O jakim prezencie pod choinką marzymy?
Święta nie mogą obyć się bez radości związanej z rozdawaniem i rozpakowywaniem prezentów znalezionych pod choinką. Z badania Providenta wynika, że na Świętego Mikołaja czeka 79 proc. badanych, to o 3 proc. więcej niż w ubiegłym roku. - Nieco rzadziej niż ogół społeczeństwa na podarki liczą seniorzy, głównie ci, którzy mieszkają samotnie. Decydującym elementem, który wpływa na nasze oczekiwanie na świąteczny upominek nie jest posiadanie dzieci czy wnuków, a wspólne zamieszkiwanie z bliskimi, w gospodarstwach 3-4-osobowych. W grupie seniorów częściej obdarowują się prezentami mieszkańcy mniejszych miejscowości niż wielkich aglomeracji, nawet jeżeli deklarują zamieszkiwanie w jednoosobowym gospodarstwie domowym - wskazuje Karolina Łuczak.

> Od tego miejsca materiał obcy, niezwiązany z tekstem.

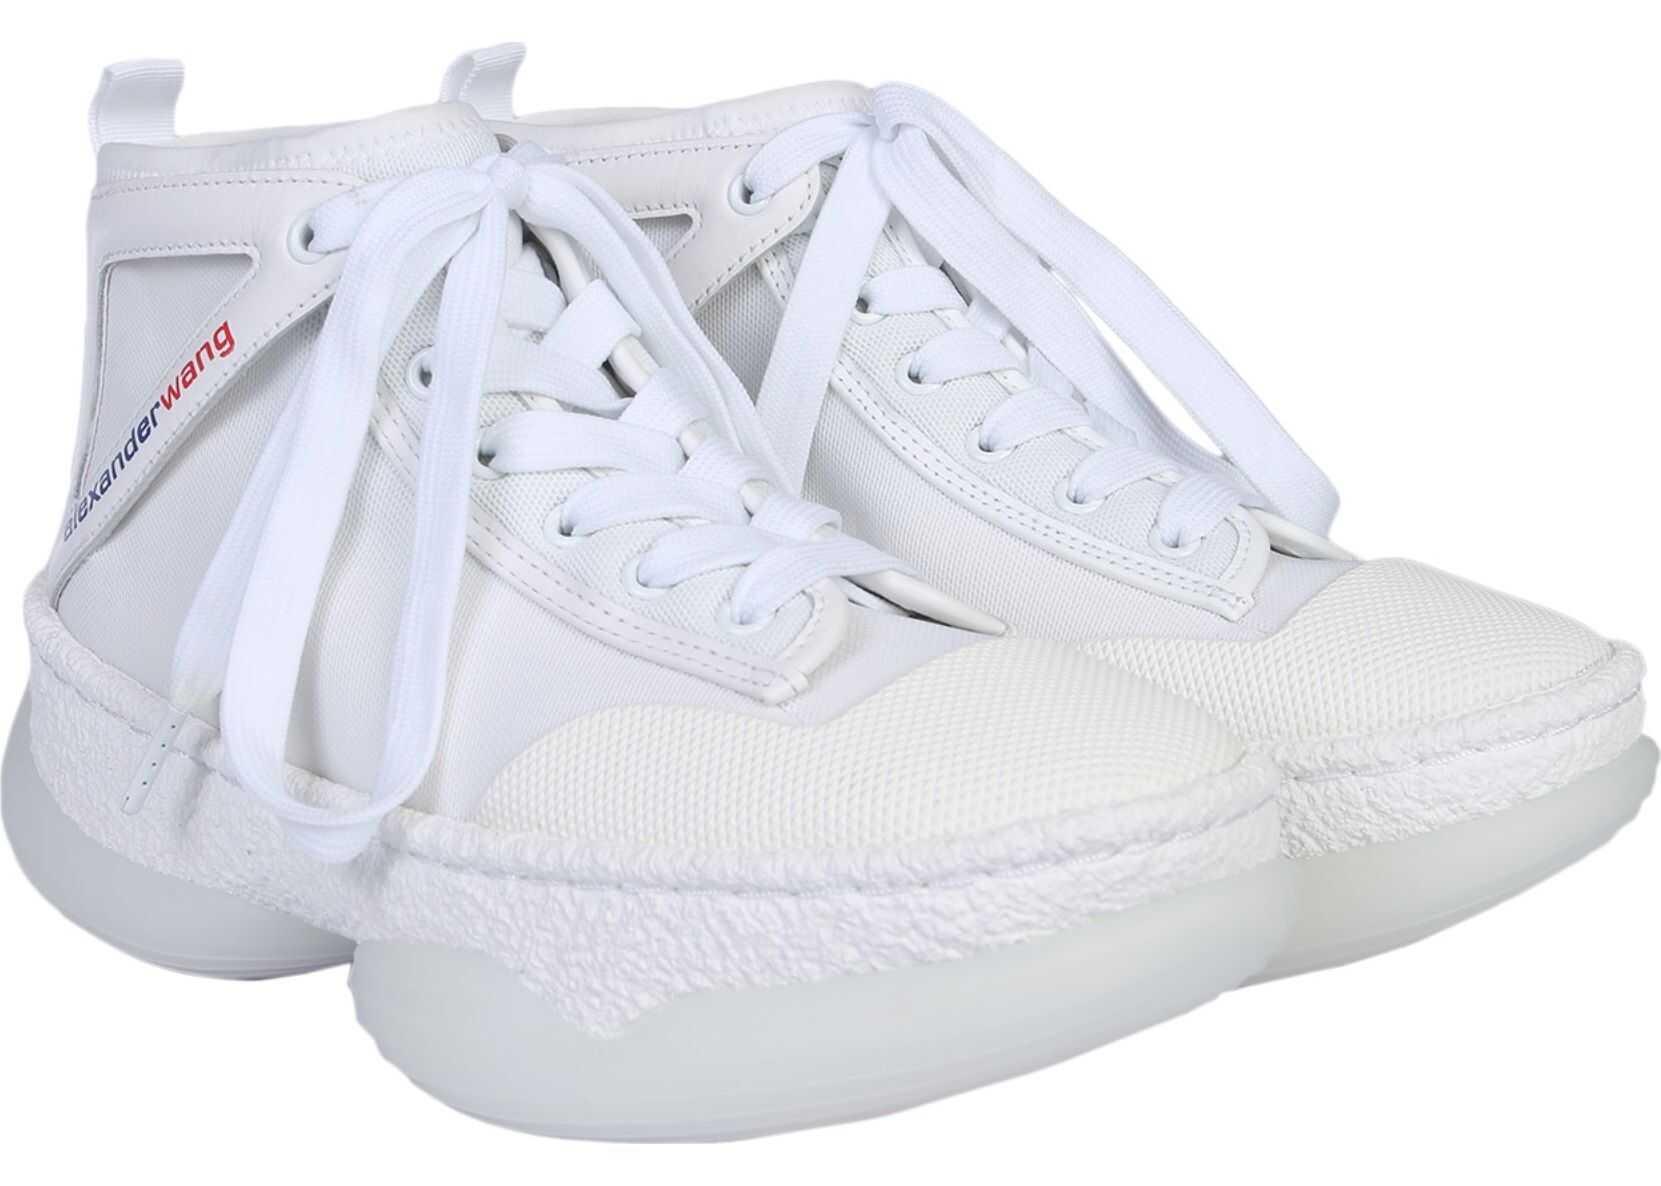 Alexander Wang A1 High Sneakers WHITE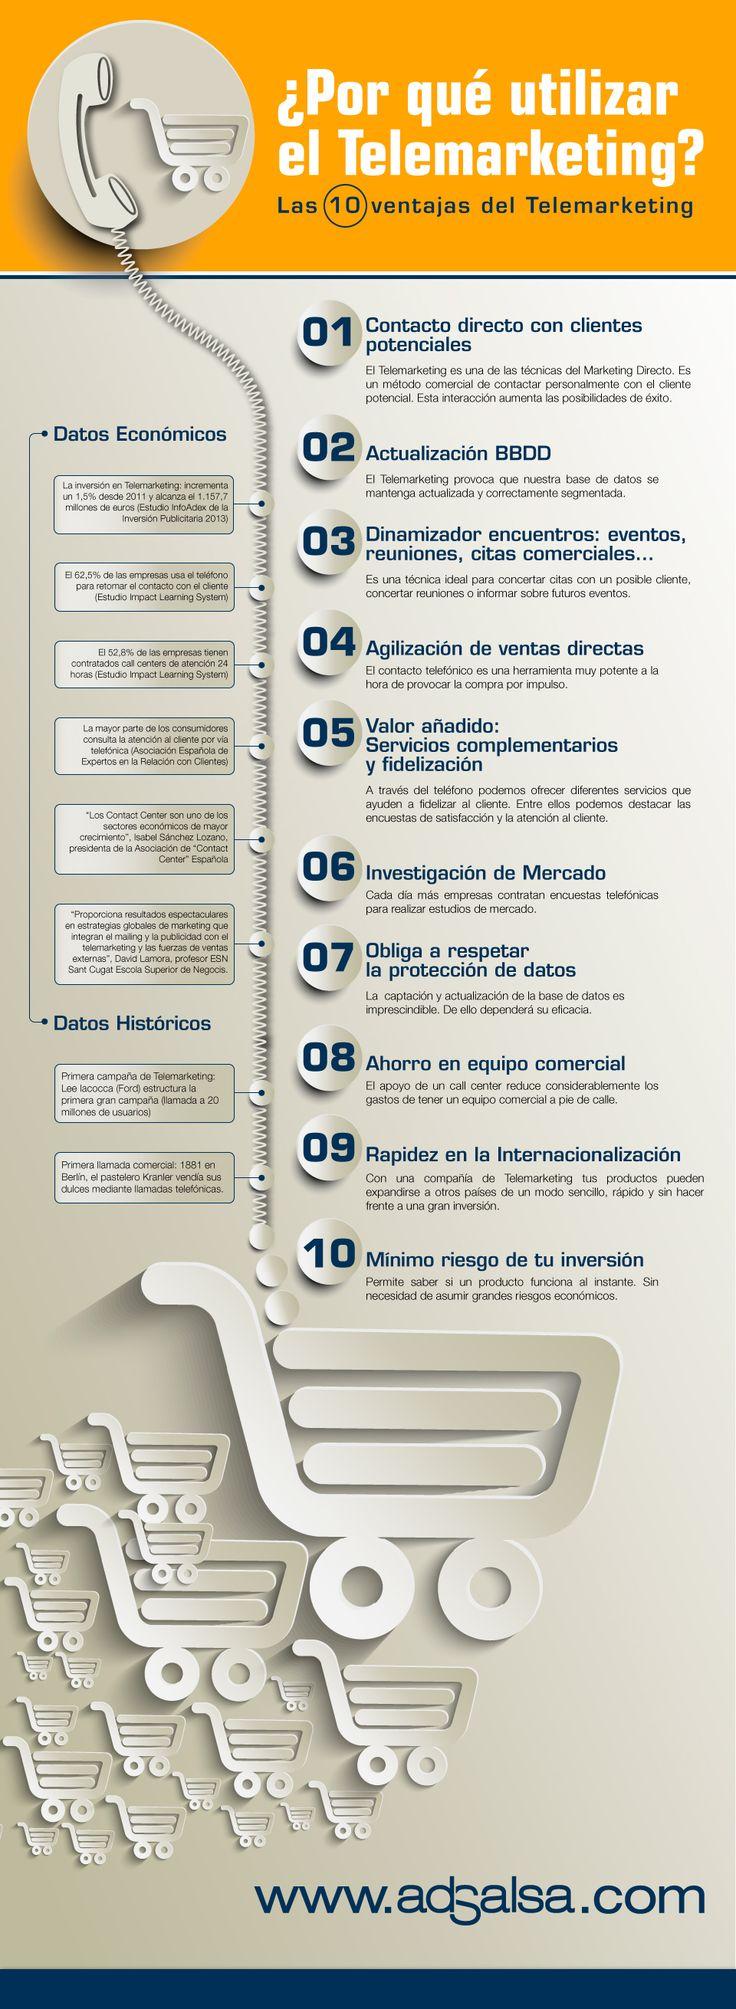 10 ventajas del Telemarketing Fuente: www.adsalsa.com #infografia #infographic #marketing

Co piąty uczestnik badania chciałby w tym roku znaleźć pod choinką odzież. Taki sam odsetek pytanych liczy, że w świątecznych pudełkach znajdzie kosmetyki lub perfumy. Kobiety i mężczyźni mają jednak odmienne oczekiwania odnośnie prezentów. 27 proc. kobiet chciałoby dostać kosmetyki, a co czwarty mężczyzna liczy na elektronikę. Niewielkim zainteresowaniem cieszą się natomiast prezenty związane z kulturą. Książkę za wymarzony upominek uznaje zaledwie 6 proc. respondentów, a płytę z muzyką - 4 proc.